■ **TASK GOAL**: Starting at the line below with "When to sow" and stopping at the line with "Princess Cut Simulated", please print each line exactly, those two included, and skip every picture.
+++ TASK INPUT
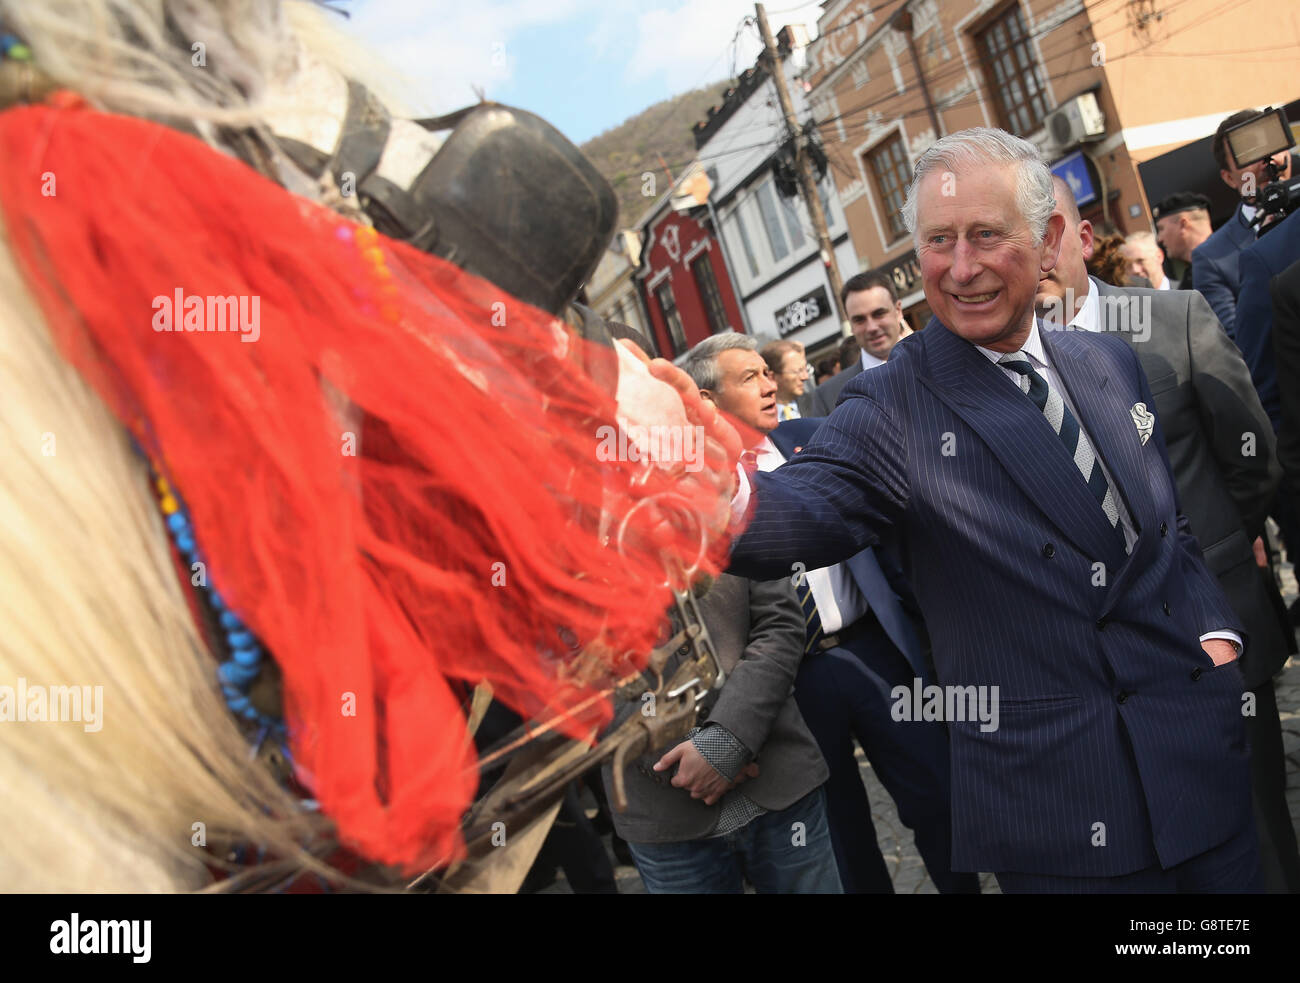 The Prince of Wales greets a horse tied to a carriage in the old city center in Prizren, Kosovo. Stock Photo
++++++
+++ TASK INPUT
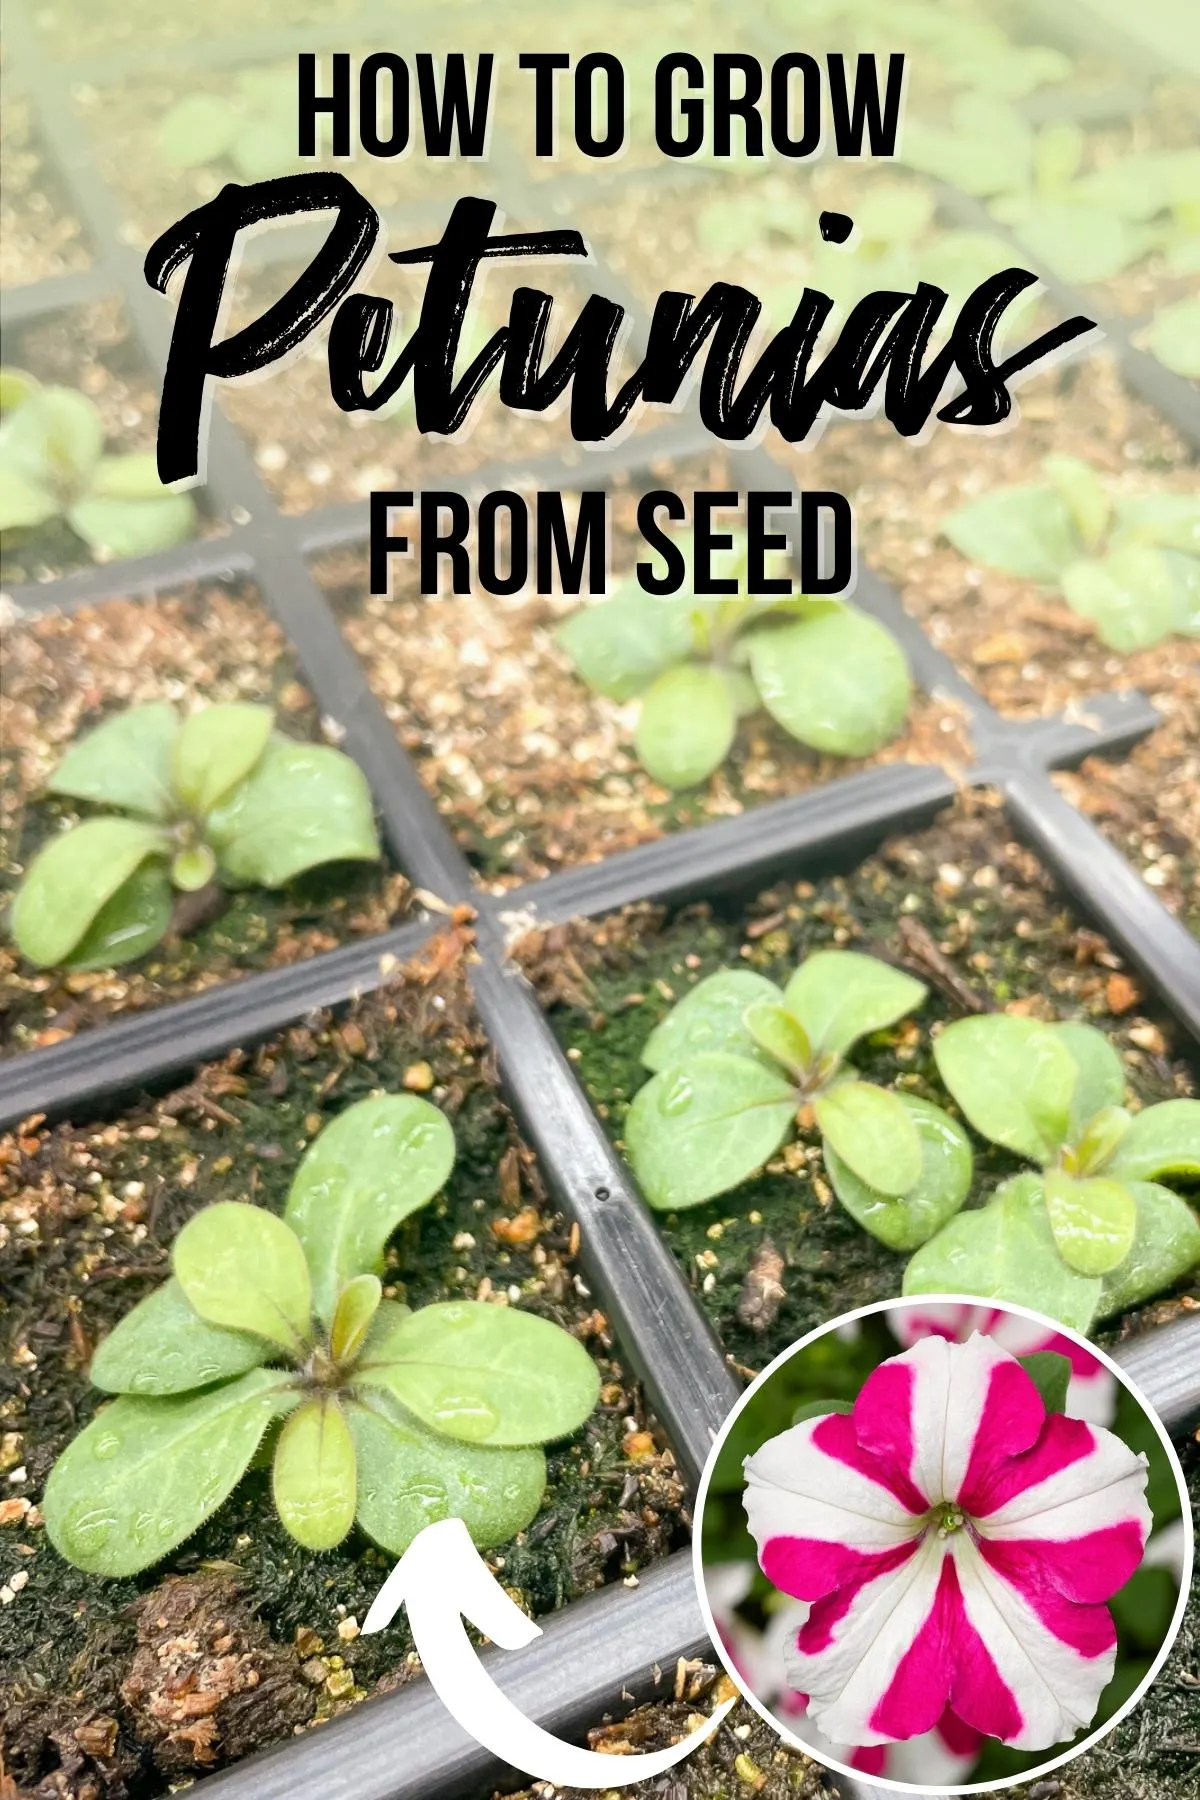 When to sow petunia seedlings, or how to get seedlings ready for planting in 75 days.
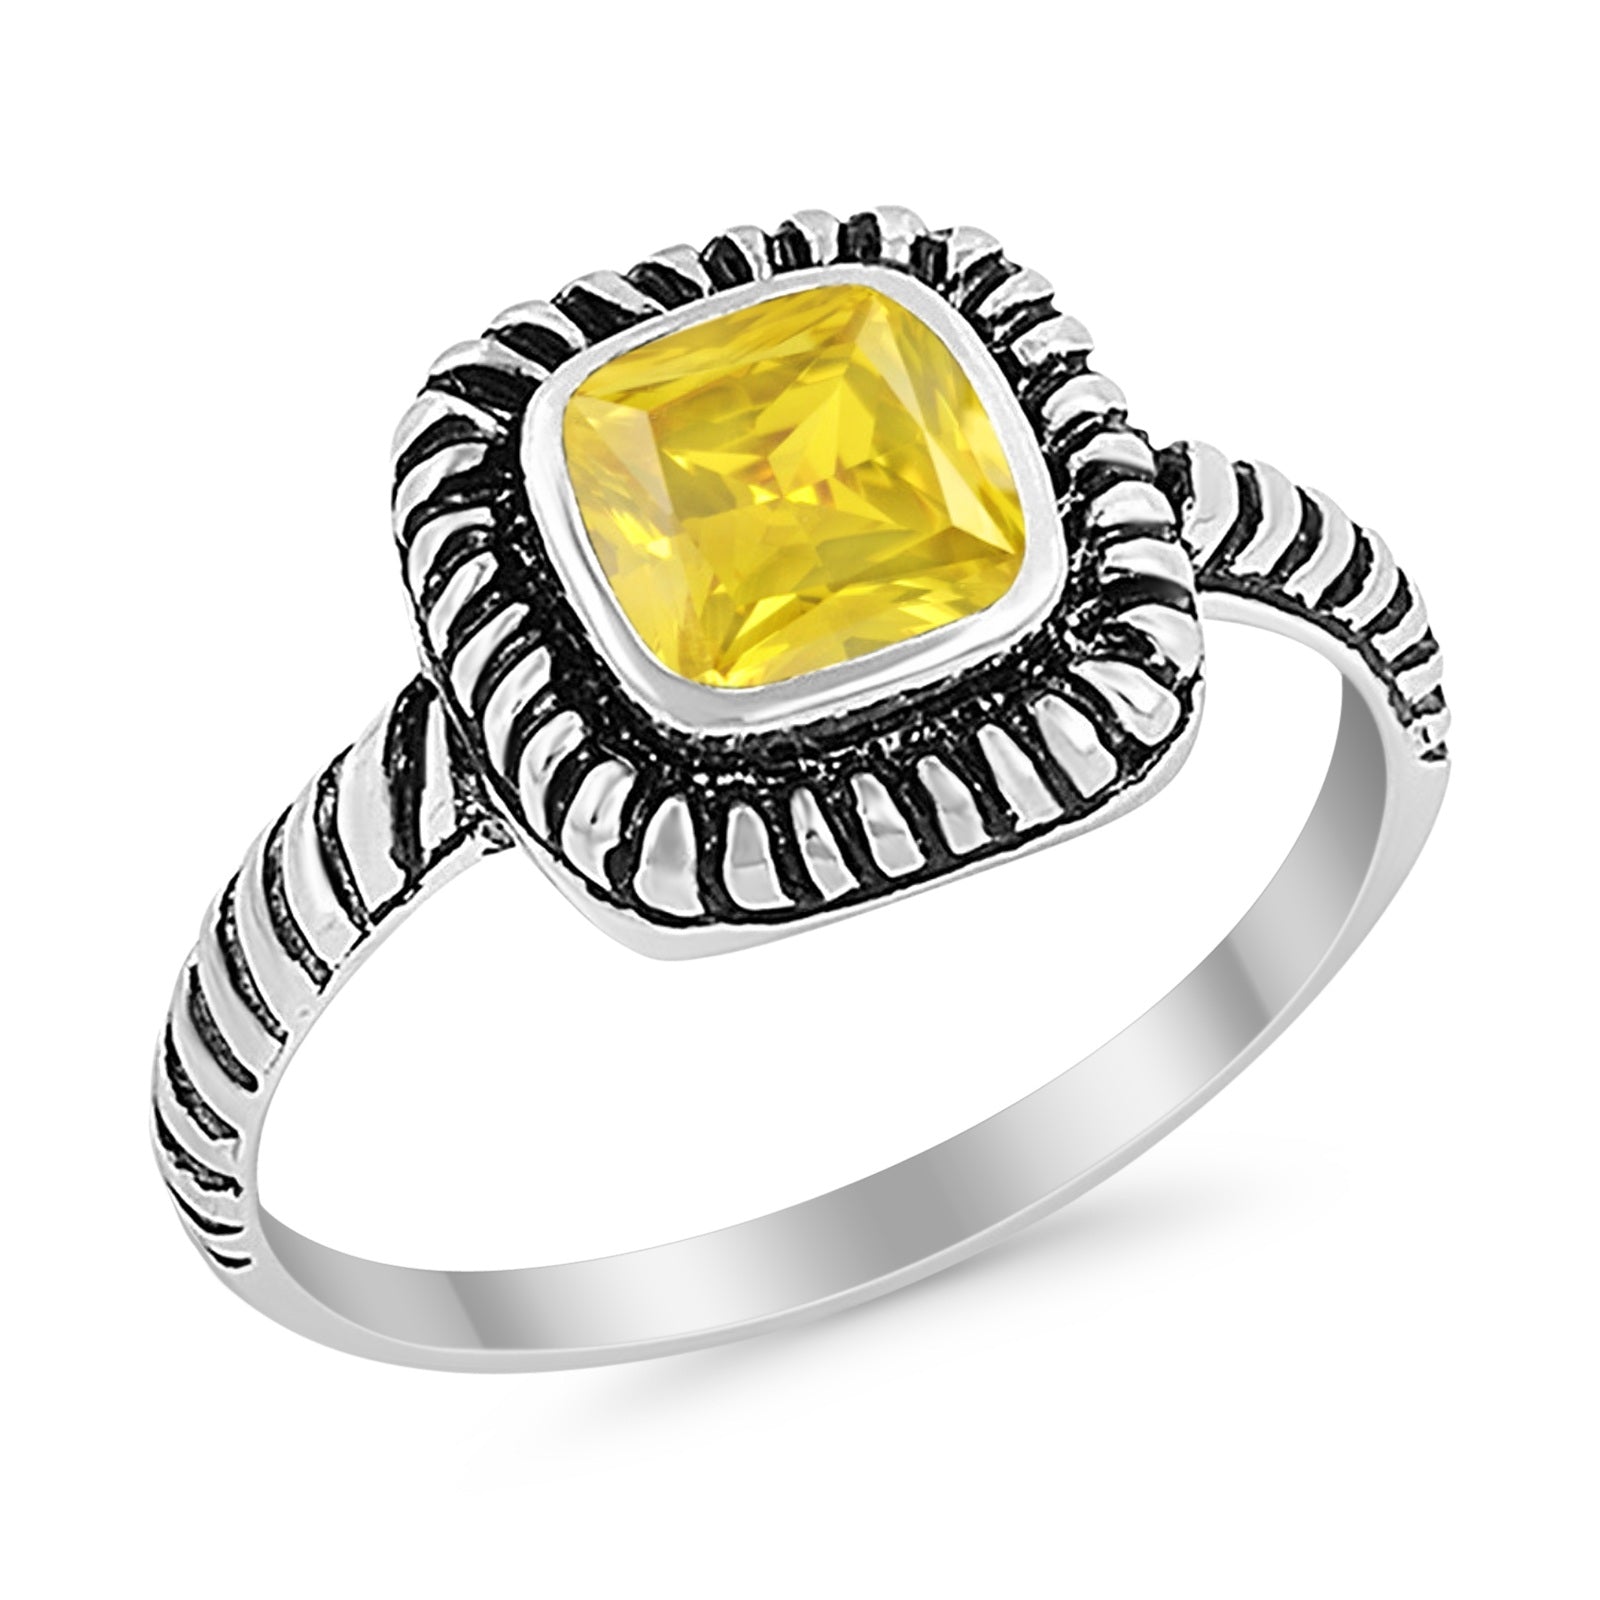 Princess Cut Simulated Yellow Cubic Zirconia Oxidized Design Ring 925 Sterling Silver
++++++
+++ TASK INPUT
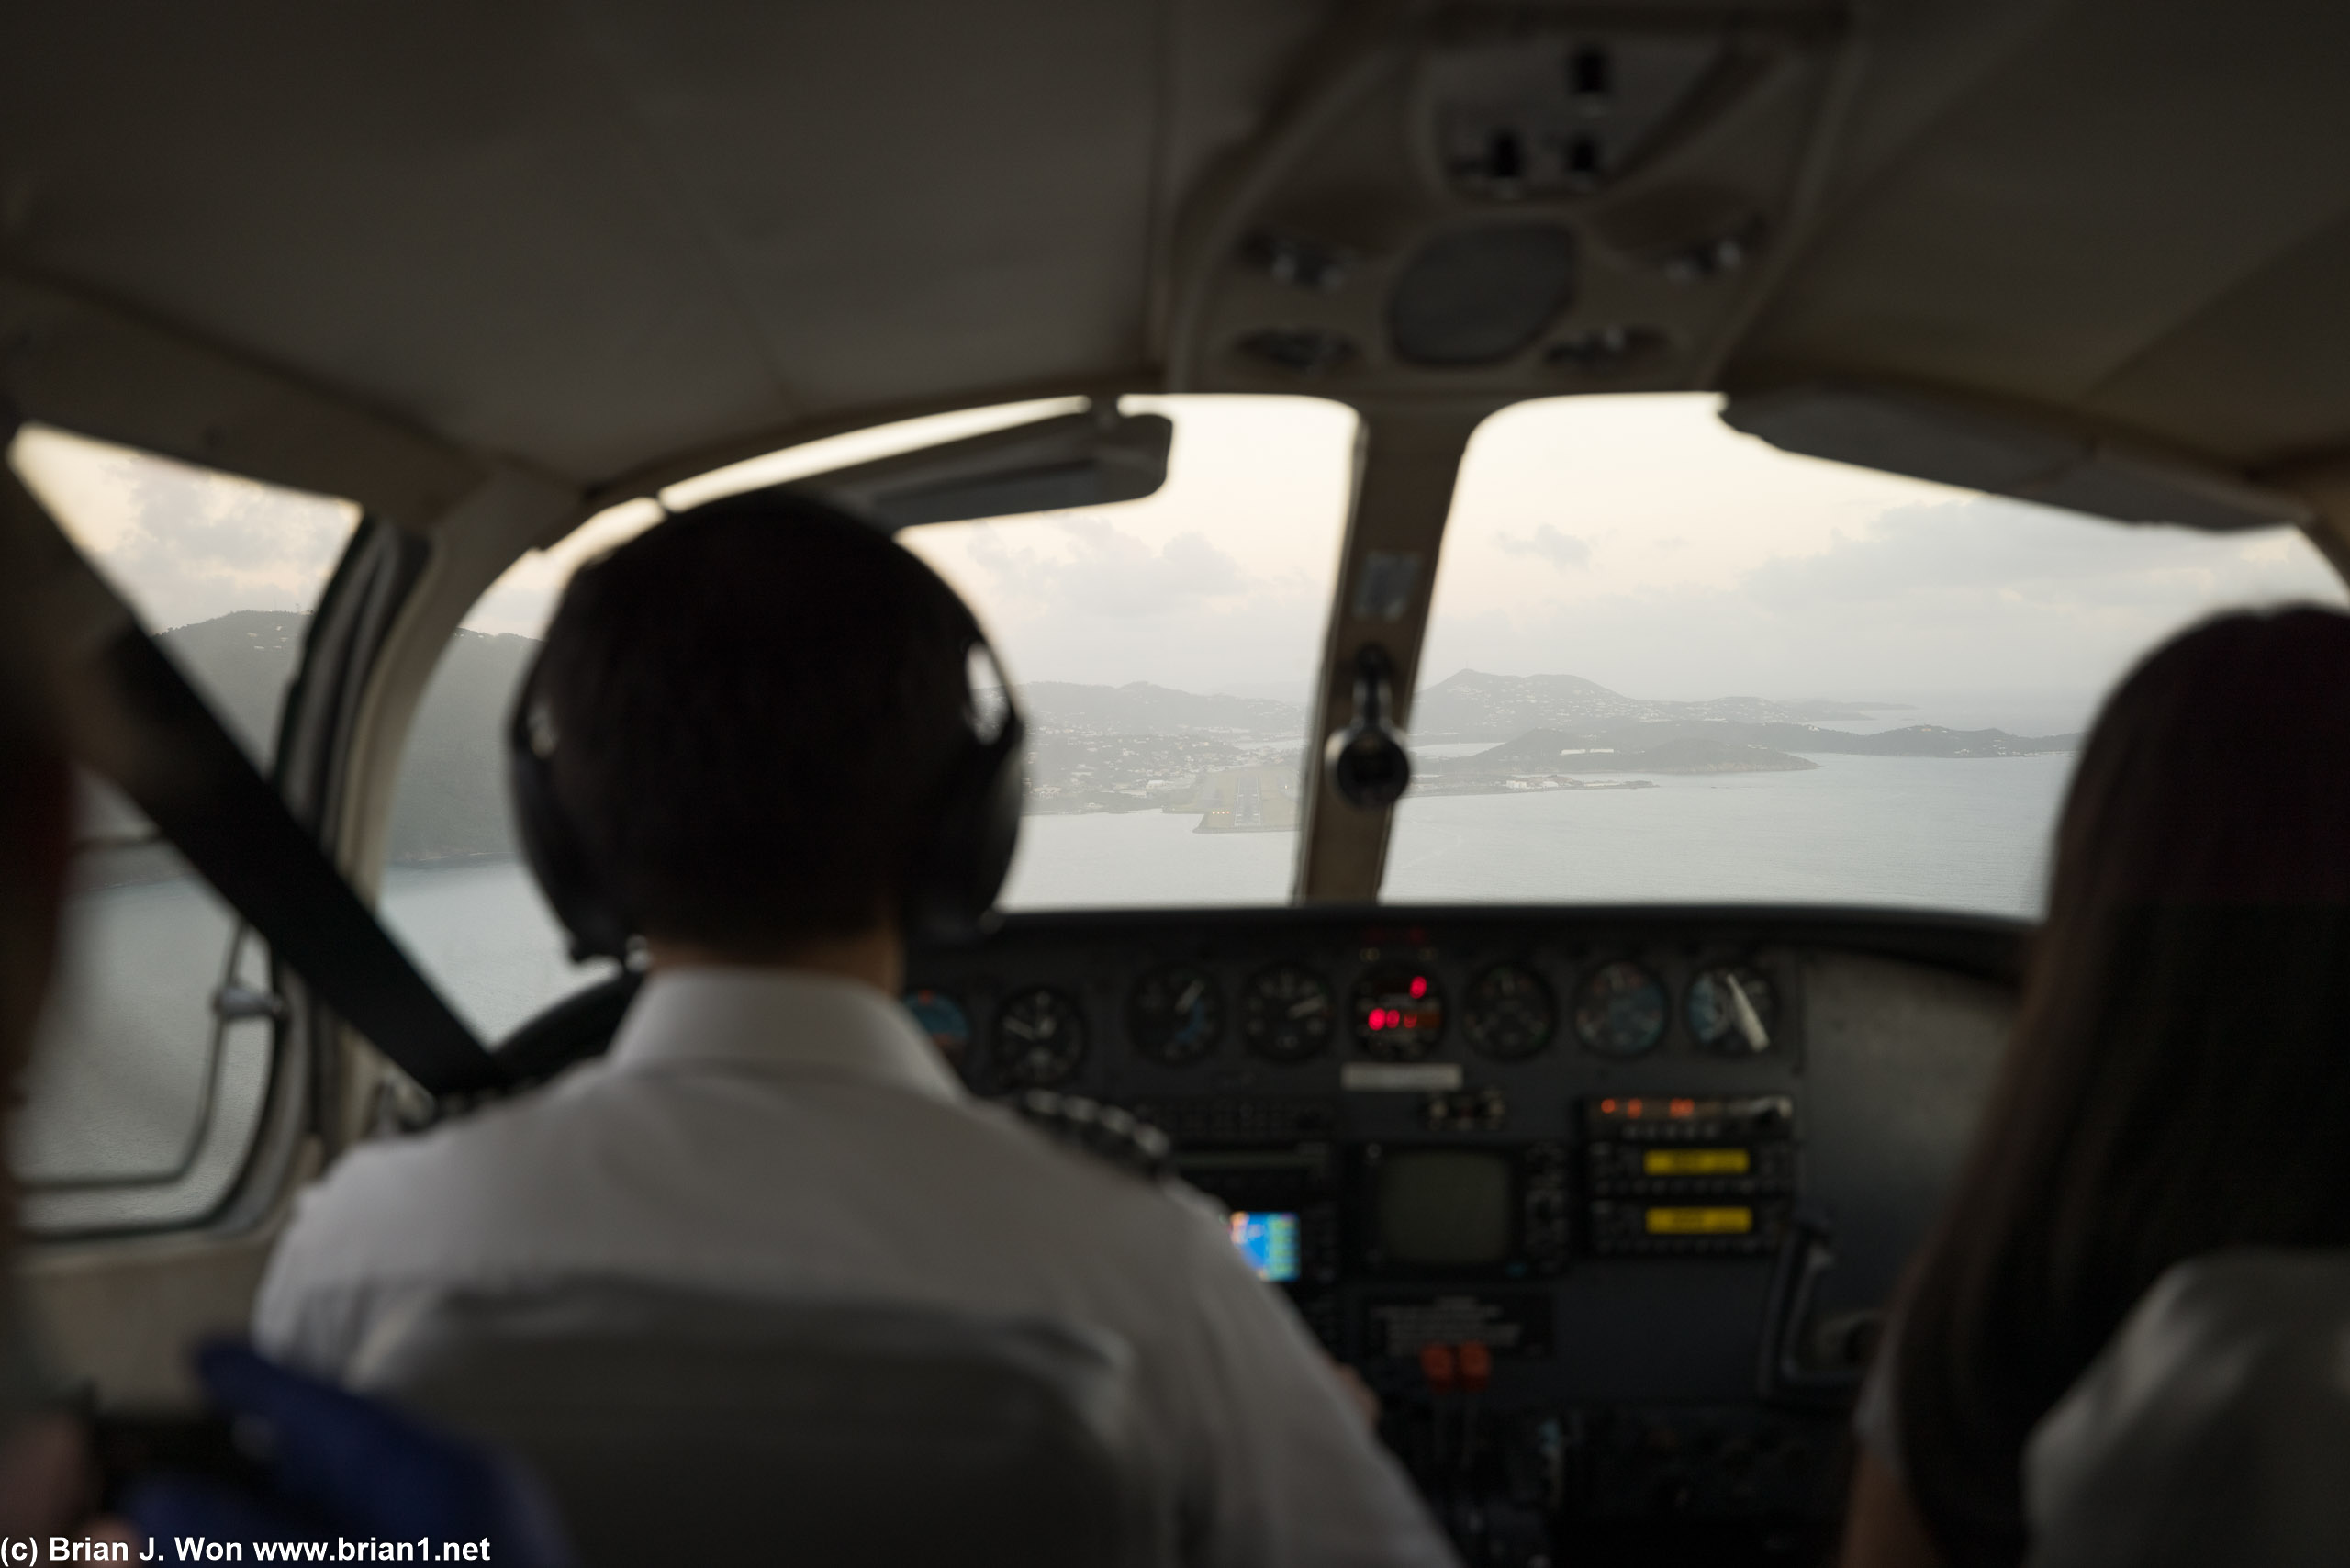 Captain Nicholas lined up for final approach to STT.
++++++
■ **SOLUTION**:
 When to sow petunia seedlings, or how to get seedlings ready for planting in 75 days.
 Princess Cut Simulated Yellow Cubic Zirconia Oxidized Design Ring 925 Sterling Silver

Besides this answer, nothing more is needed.